Mark Holmes to resign from post Saturday
By Lea Kahn, Staff Writer
The purpose of government is to take the resources it has and properly distribute them among the citizens, never giving more to one group than another group so a balance can be achieved.
That’s what Mayor Mark Holmes, who is resigning from the Township Council effective Saturday, has tried to achieve — and mostly accomplished, he said — in his 11 years on the council. His four-year term would end in December 2009, but he is stepping down for personal and professional reasons.
“You want to provide for everybody, from the less fortunate to the affluent,” Mayor Holmes said. “Those who have more need less, and those who have less need more. Trying to achieve that balance is what makes Lawrence so great.”
Reflecting on that philosophy and how he translated it into action during his three terms on the council, Mayor Holmes pointed to an initiative he undertook early in his career on the council.
That initiative involved using money from the township’s Affordable Housing Fund to hire contractors to make repairs to houses belonging to families that qualified as low- and moderate-income households. About 40 homeowners throughout the township have benefited from the program, he said.
Mayor Holmes said he also is proud of the township’s efforts to revitalize the Eggerts Crossing neighborhood off Eggerts Crossing Road. The township paid for improvements to the former Johnson Trolley line, which has become a bicycle and pedestrian trail, as well as for an expansion to Gilpin Park on Short Johnson Avenue.
The overall result is a more attractive neighborhood in which several new houses have been built in the last few years, Mayor Holmes said. He grew up in Eggerts Crossing, and he is raising his own family in the neighborhood now.
Mayor Holmes said he also has supported the Lawrenceville Main Street business district revitalization, and he would like to see a similar revitalization occur in the business district on Lawrence Road in the Eldridge Park neighborhood — an effort that is being spearheaded by the Greater Eldridge Park Neighborhood Association.
“When I first ran for Township Council, I wanted to make a difference,” he said. “Everybody generally gets involved in politics for that reason. You need to have a strong will to serve the community. That’s where it starts.”
Mayor Holmes saw that dedication and commitment first-hand as a child when his father, William Holmes, was elected to the Lawrence Township Board of Education in the 1970s. He was also the first black to serve as school board president.

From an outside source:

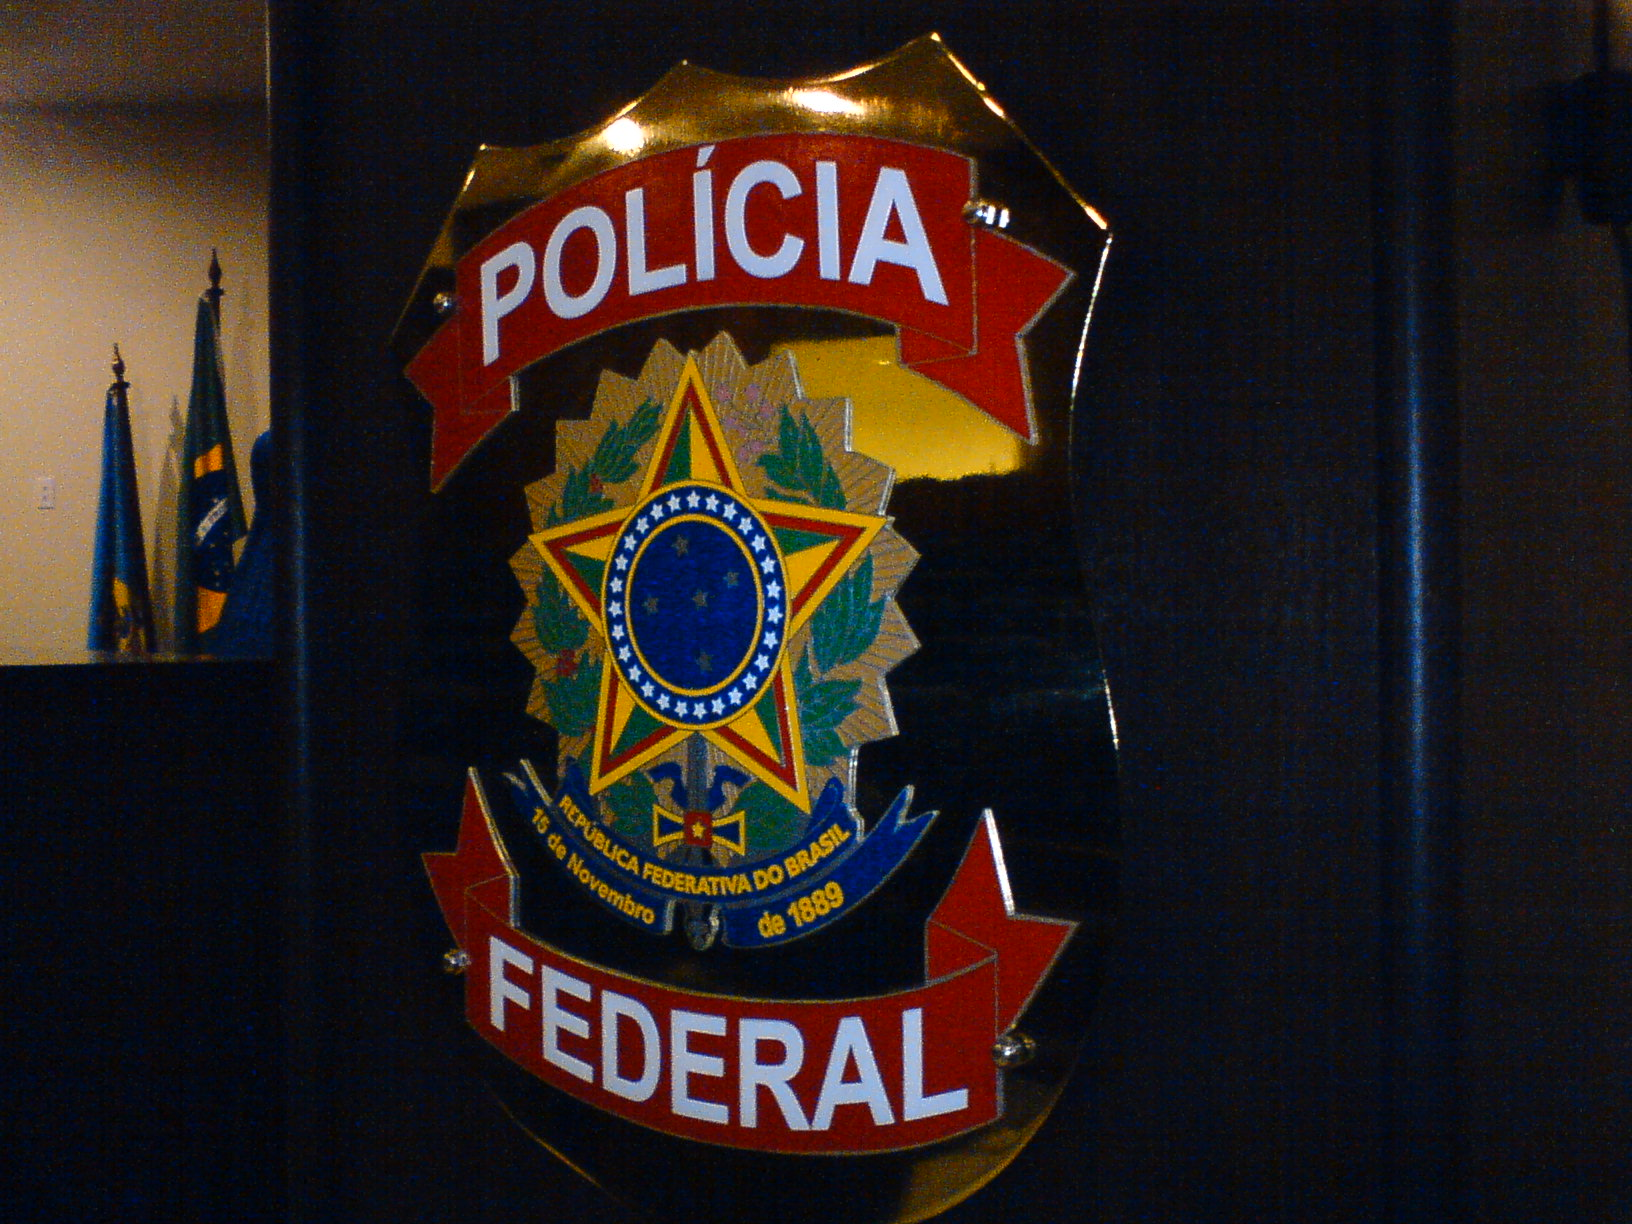 Brazil Federal Police emblem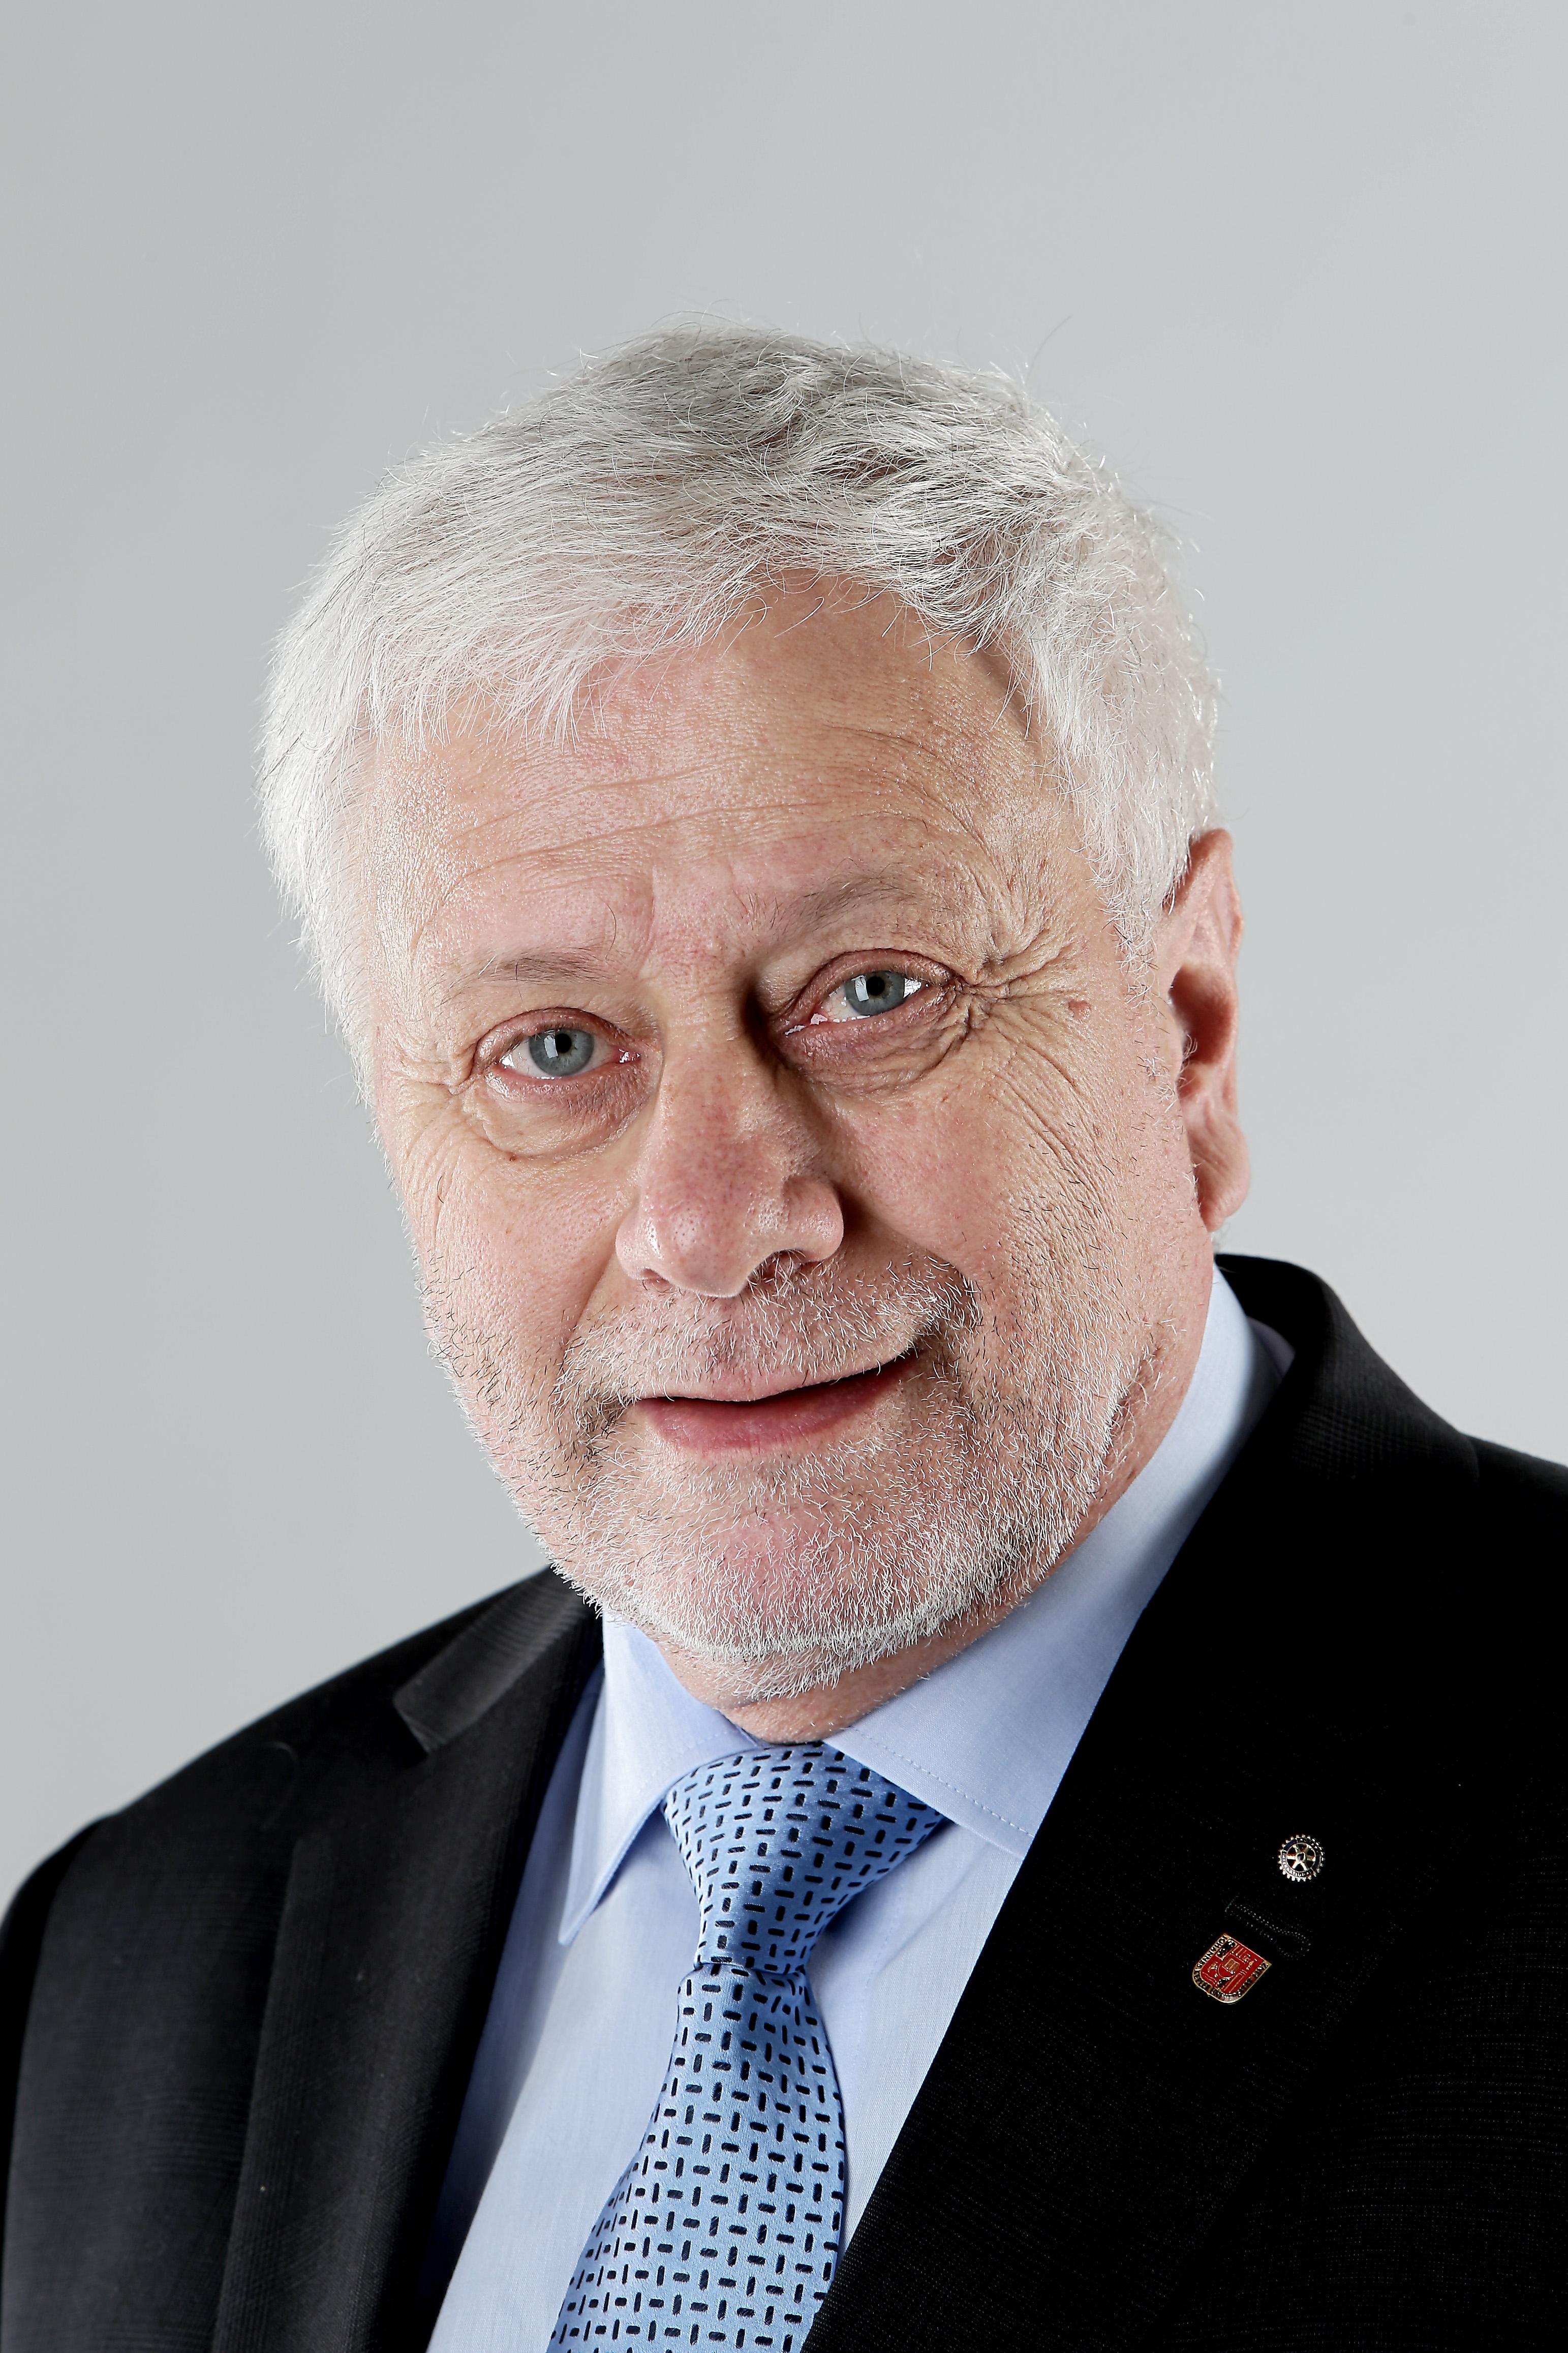 em. Professor Dr. Dr.h.c. mult. Friedrich Schneider, Mitglied des wissenschaftlich-kulturellen Beirats von ISCO

“My father was my real inspiration to serve in elected office,” he said. “To have seen my father elected three times to the school board and to see his commitment to the school district to make things better is what made me want to run for Township Council.”
Mayor Holmes also attributes his desire to serve to his mother, Helen V. Holmes, who was the executive director of the Lawrence Senior Center for many years. His uncles, Harold Vereen and Fred Vereen Jr., also have been active in the community.
Harold Vereen was the first black to serve on the Township Council in the early 1990s. Fred Vereen Jr. was the first executive director of the Lawrence Neighborhood Service Center and also managed the Eggerts Crossing Village affordable housing development.
Mayor Holmes acknowledged he, too, broke new ground just as his father did. Mayor Holmes is the first black to serve as mayor — an honorary post that carries no authority — in 2004. He was chosen to be mayor again this year.
While he counts serving as mayor and also shepherding some of his affordable housing and redevelopment proposals through the council as some of the high points of serving on the governing body, there have been some disappointments, too, Mayor Holmes said.
One of those disappointments is the inability to convince the council to tweak the zoning on a 135-acre parcel on Princeton Pike at Lewisville Road — the former Union Camp property, which belonged to the RCN Corp. and now belongs to Bristol-Myers Squibb Co.
The Planning Board approved an office park for RCN, but it was never built. RCN sold the land to Bristol-Myers Squibb Co., which also has not developed the land.
The approved plan apparently is not attractive to developers, and, perhaps, some changes in the zoning regulations would make a difference, Mayor Holmes said.
“There should be a serious investigation into making it more attractive to developers,” he said. “It is prime real estate. We should allow a developer to be creative. The approvals that exist today don’t work. Let’s not let it sit there, vacant. That’s one thing I wanted to get done, but it didn’t get done.”
Mayor Holmes also is disappointed a proposal to build affordable housing on a 3.5-acre parcel of township-owned land on Johnson Avenue never became a reality. Over the years, developers — both for-profit and not-for-profit — sought to build housing on the land, but the council placed it into the Green Acres Program for permanent open space preservation two years ago.
Mayor Holmes said he was stepping down early because of personal and professional commitments. Earlier this month, he was named as executive director of the Asbury Park Housing Authority.
“I just don’t have the time anymore,” he said. “I need time for my professional life. I want to spend time with my family. I would be doing a disservice to Township Council. (Serving on the council) is a full-time job. It’s a part-time job on paper, but a full-time job in reality.”
“The will that I had to serve the community with commitment and dedication is no longer there,” Mayor Holmes said. “There is someone else out there who can do the job. If you let life take its natural course, there is always a beginning and an end.”